Sheep Dip and Pig’s Nose hail from the Spencerfield Spirit Company, which is owned by Ian Macleod
Spencerfield itself was started as a family business by Alex and Jane Nicol and is situated in the Firth of Forth.
They have been quite successful in their endeavours to create high quality Whisky, and have been met with accolades from top critics.
Sheep Dip is humorously called after the liquid that is used to delouse sheep. It is a full-bodied blend made up of 16 Whiskies ranging from 8 to 21 years old.
Jim Murray, one of the Whisky industry’s most renowned critics, described it as “young and sprightly”.
It opens with a nose of soft toffee and floral notes. There is a lovely fruitiness to it, with juicy melon and peach coming out.
There is also a burst if apples and lemons that serve to give a lovely tang against the smooth toffee, which eventually melts into caramel.
The palate brings ina delicious, dull malted note that goes hand in hand with the caramel.
These are easy going and bright, with lots of character to them. the malt is full of cereal and nutty notes, making it deep and complex.
The caramel is gently drizzled over more citrus fruits, with a great orange zest coming through.
The finish lingers for a while and hesitates on caramel and butterscotch undertones before moving into the final stages of some big malt and citrus fruit flavours.
The just-as-interestingly-named Pig’s Nose, a play on the phrase smooth as a pig’s nose, is another wonderful malt to come out of Spencerfield, and it was created by the legendary Richard Patterson.
The nose opens with oats and barley.
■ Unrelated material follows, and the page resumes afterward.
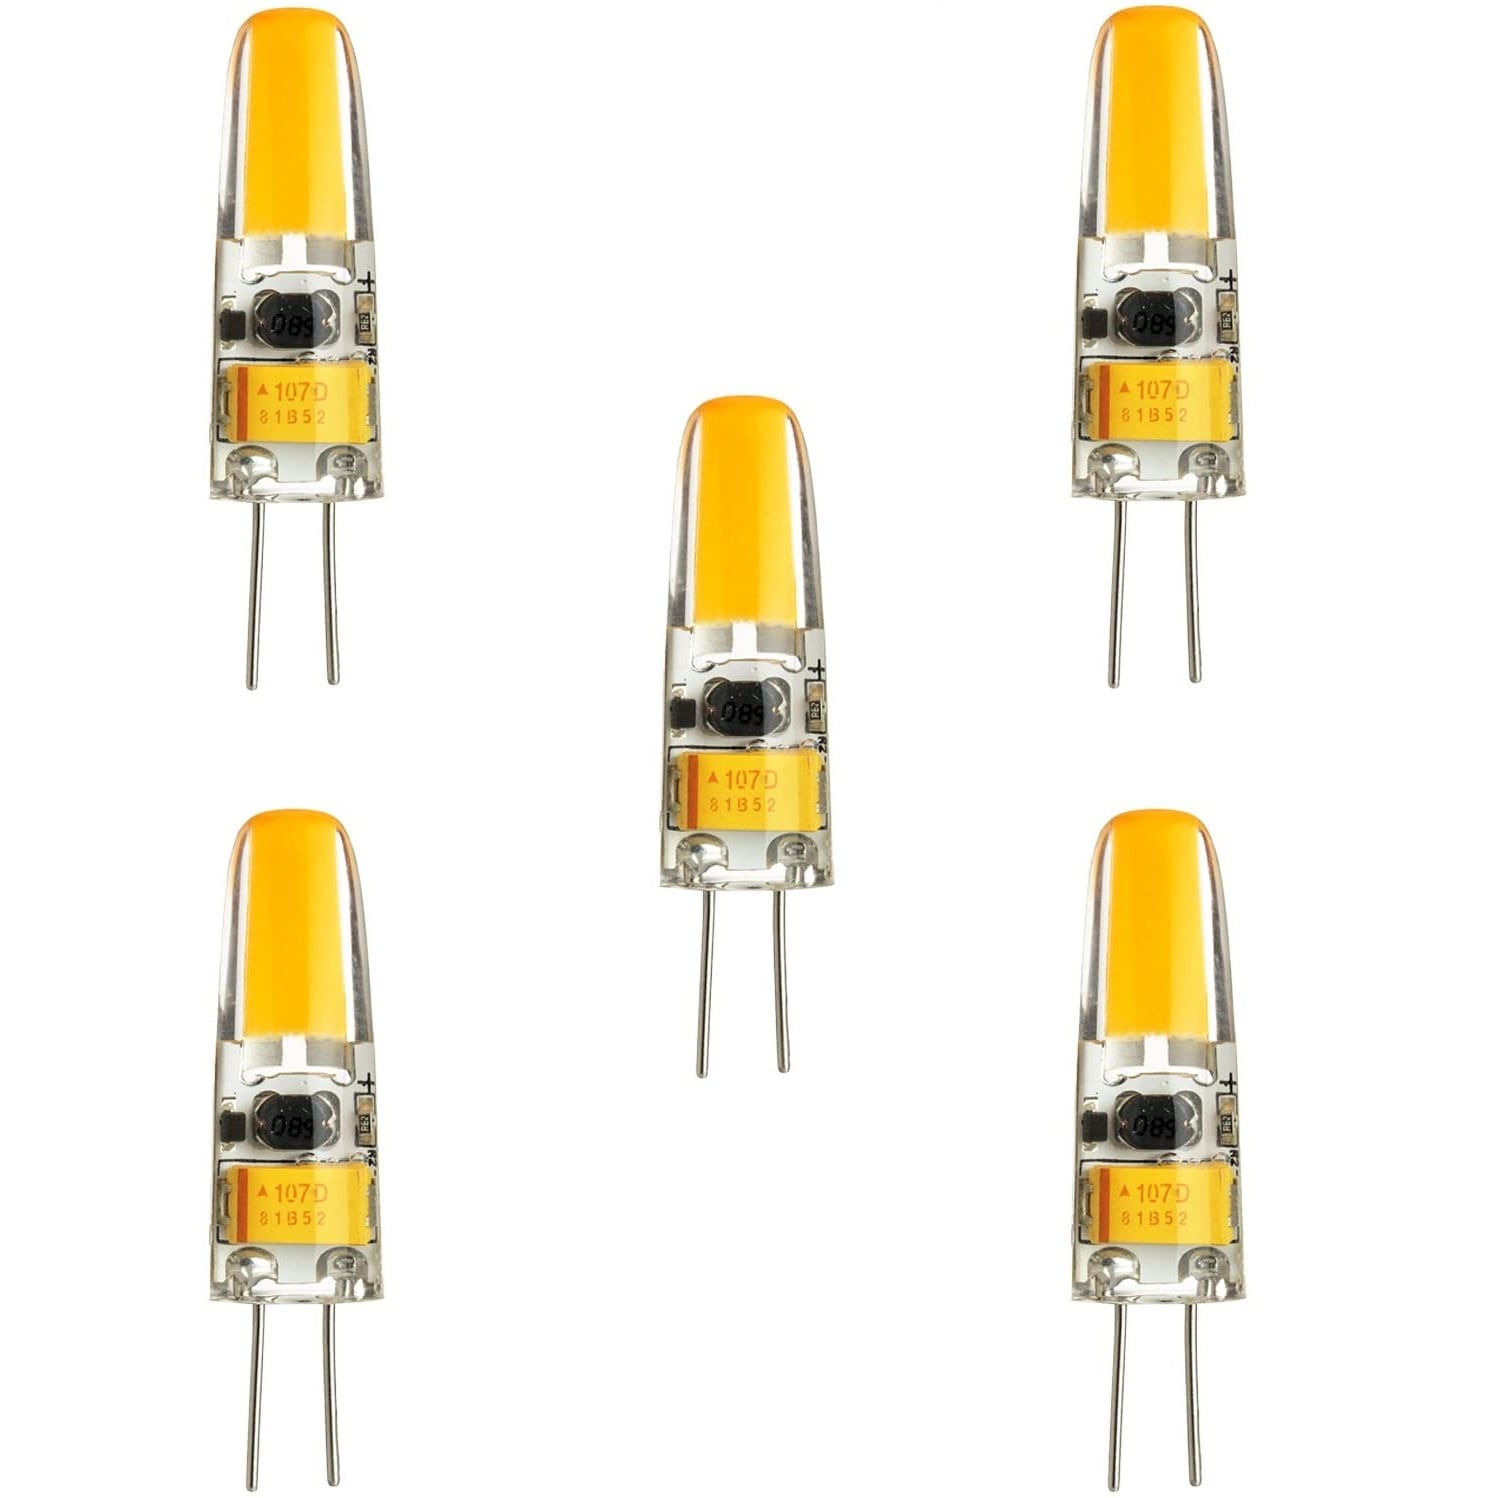 Bulb G4 6 LED 10-30V - LED bulbs - MTO Nautica Store

There are lots of cereal notes coming through, giving it a fresh and easy going vibe.
These aromas are joined by orchard fruits, such as apples and pears, as well as some citrus notes. The fruits add a mouth watering tang that bounces off the duller cereal notes.
On the palette, these flavours come together with a thick caramel drizzled over them. This caramel is rich and smooth, with a great sweetness to it.
It recalls the oak of the barrel, which brings some deeper, mellower tones to the dram. These go well with the cereal notes of the nose.
There is also a slightly salty tone to Pig’s Nose, with a little hint of seaside influence, especially in the oily and briny tones that appear.
The finish is strong on this dram, with lots of caramel sweetness and some more citrus fruits coming out.